**DATASET EXTRACT:**
-----
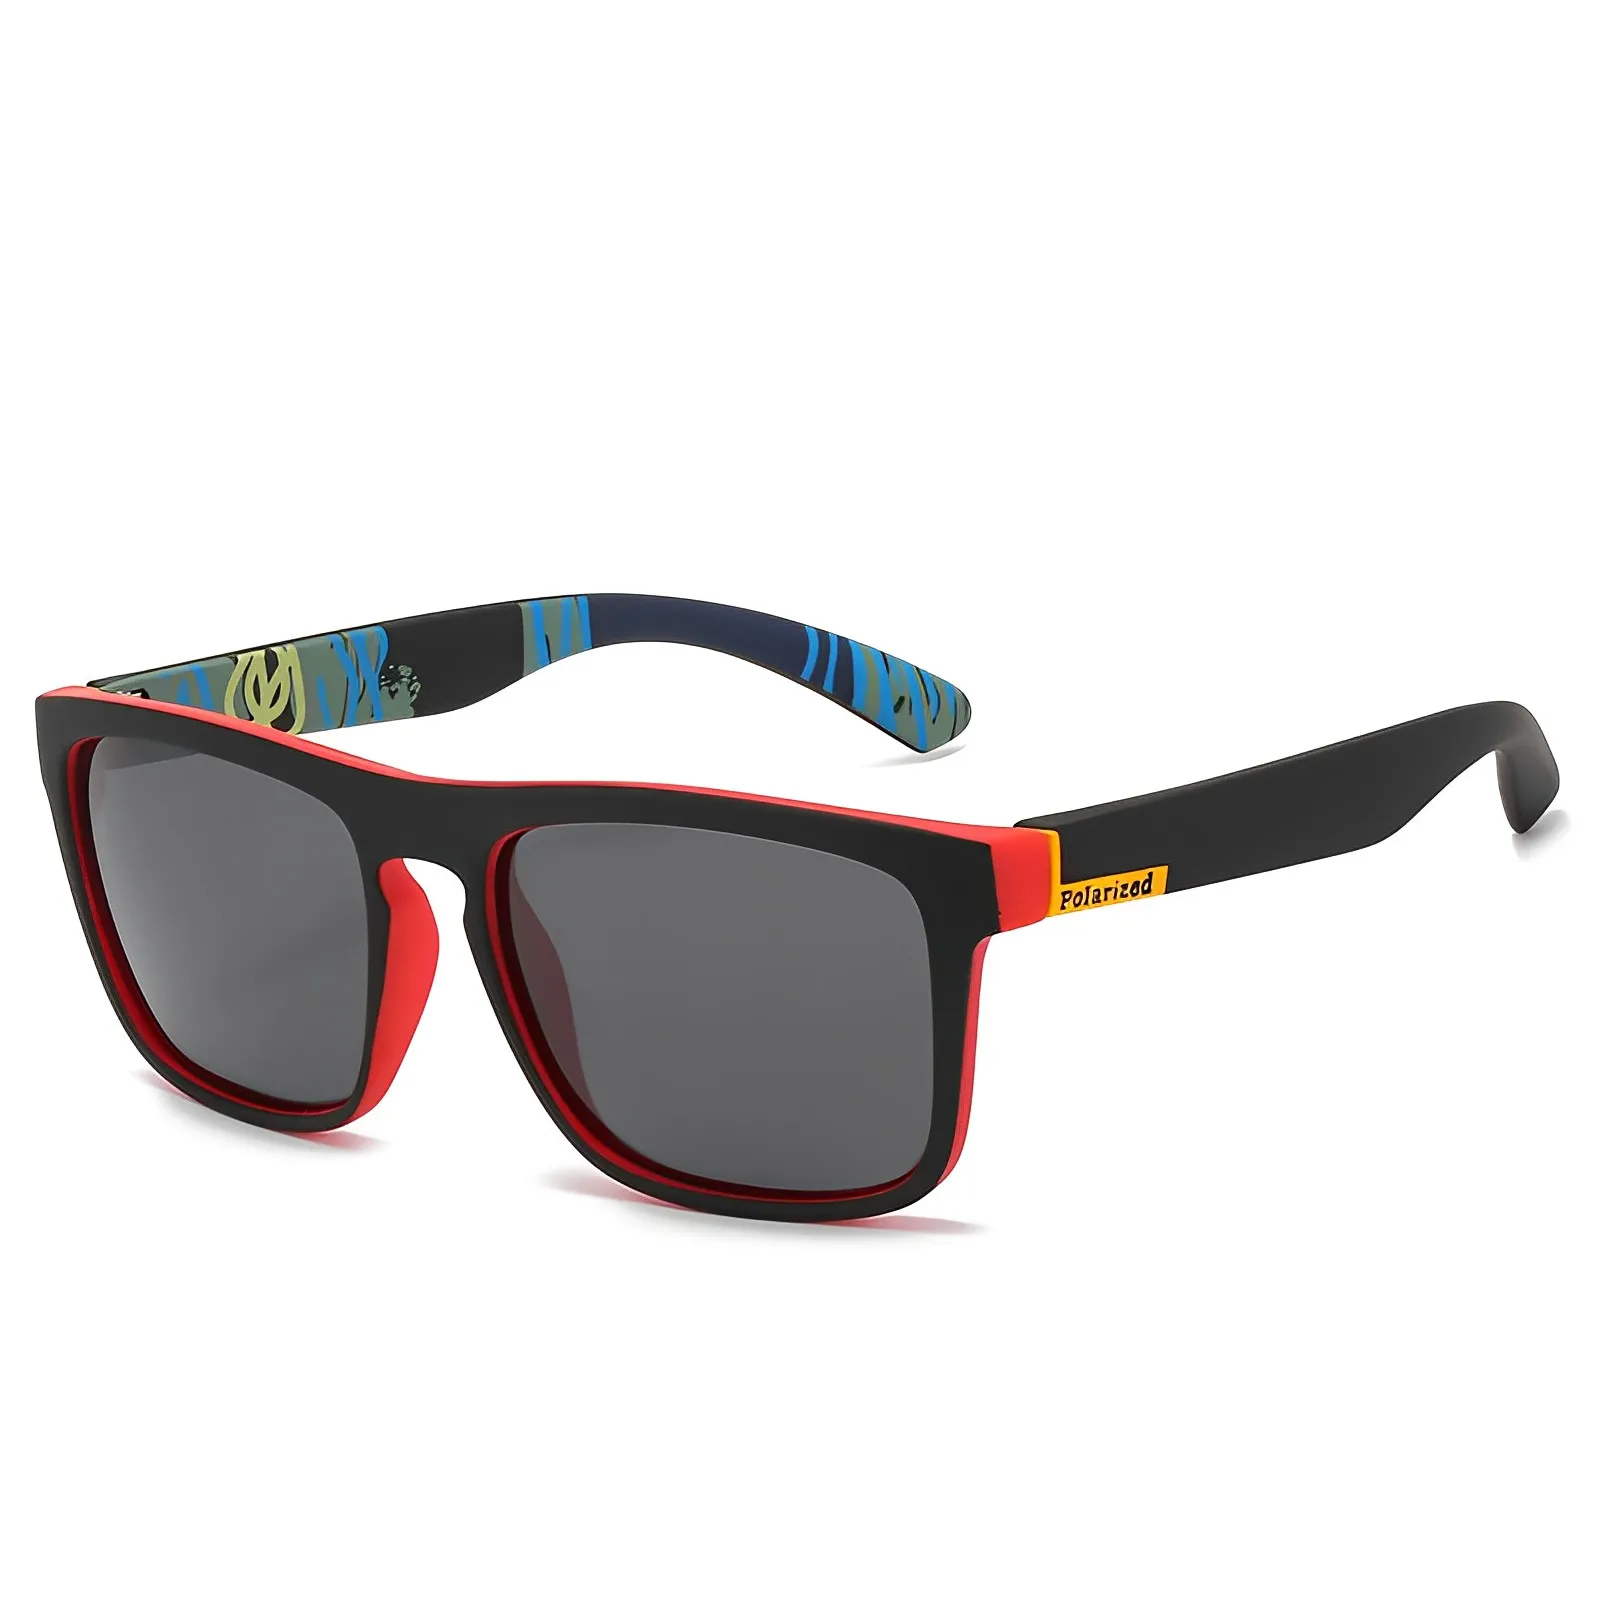 Herren-Sonnenbrille, polarisierte Farbe, für Nachtsicht, Autofahren und Dirtbike-Motorradfahren
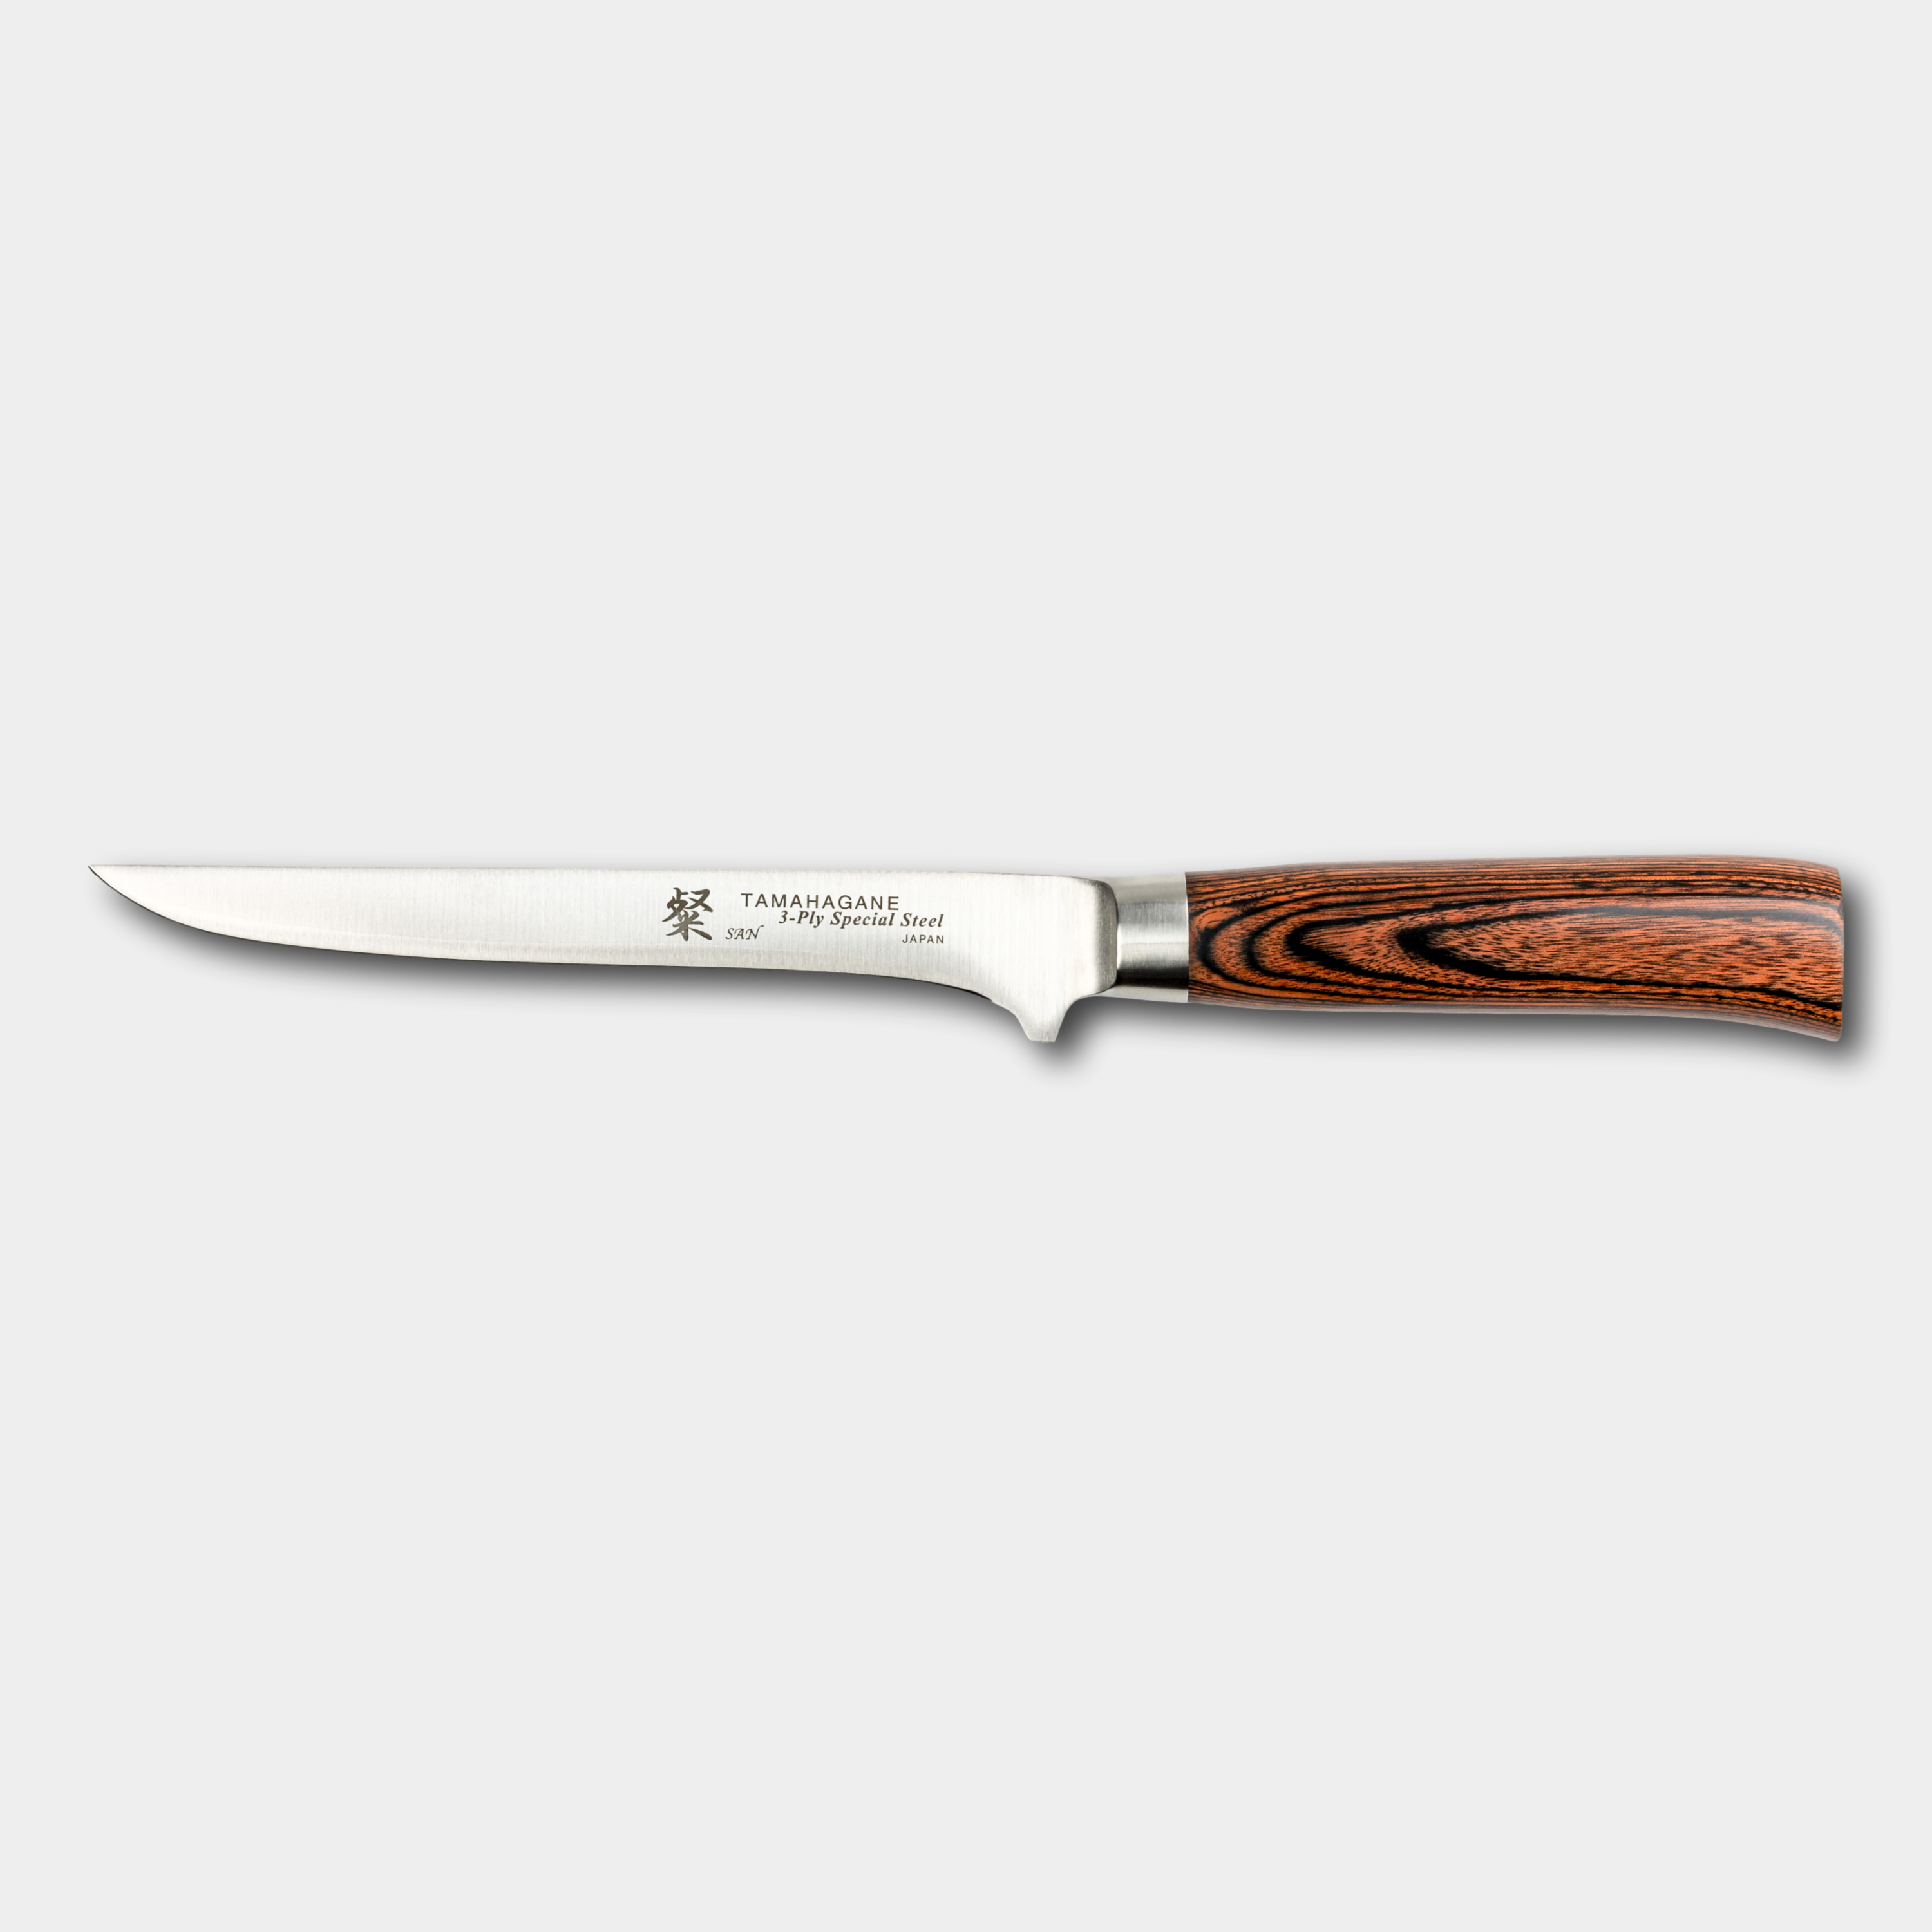 Tamahagane San 16cm Boning Knife
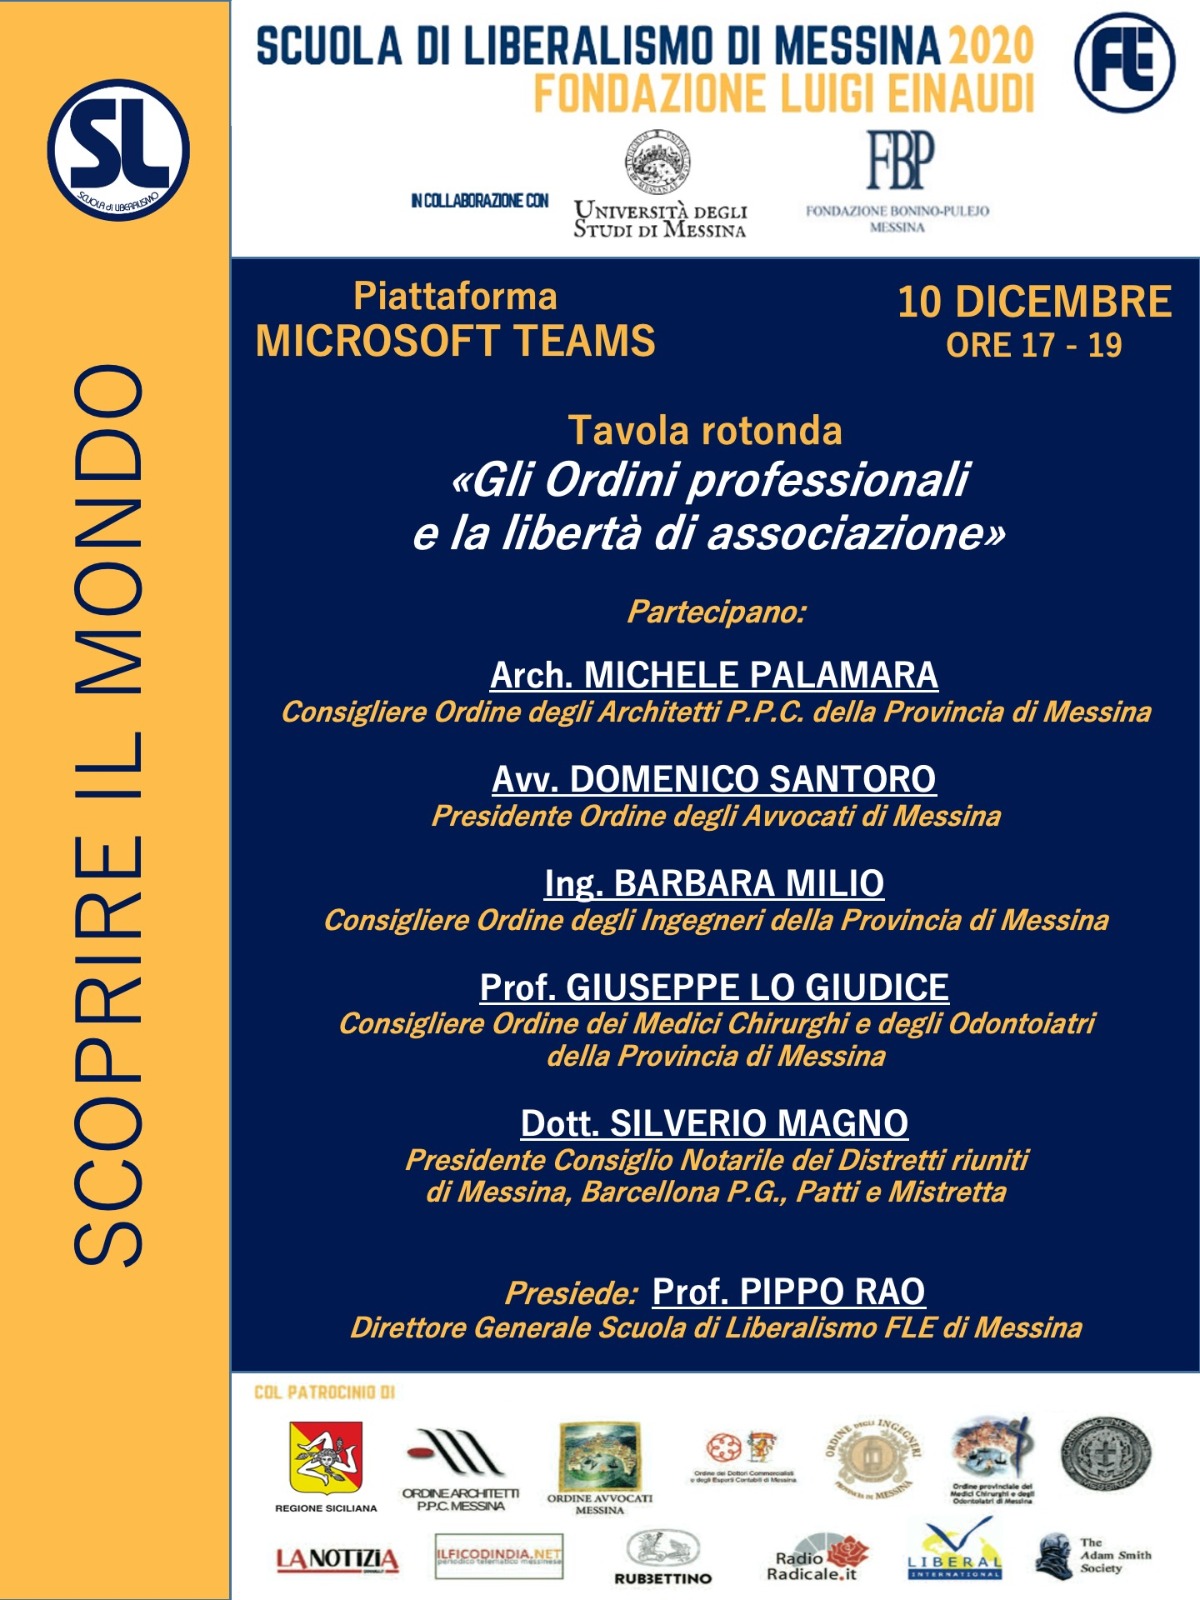 Scuola di Liberalismo 2020 Messina: 10 dicembre “tavola rotonda” sul tema “Gli Ordini professionali e la libertà di associazione”
-----
**TASK STATEMENT:** Your copy must repeat the data word for word and show none of its images.

**TASK OUTPUT:**
 Herren-Sonnenbrille, polarisierte Farbe, für Nachtsicht, Autofahren und Dirtbike-Motorradfahren
 Tamahagane San 16cm Boning Knife
 Scuola di Liberalismo 2020 Messina: 10 dicembre “tavola rotonda” sul tema “Gli Ordini professionali e la libertà di associazione”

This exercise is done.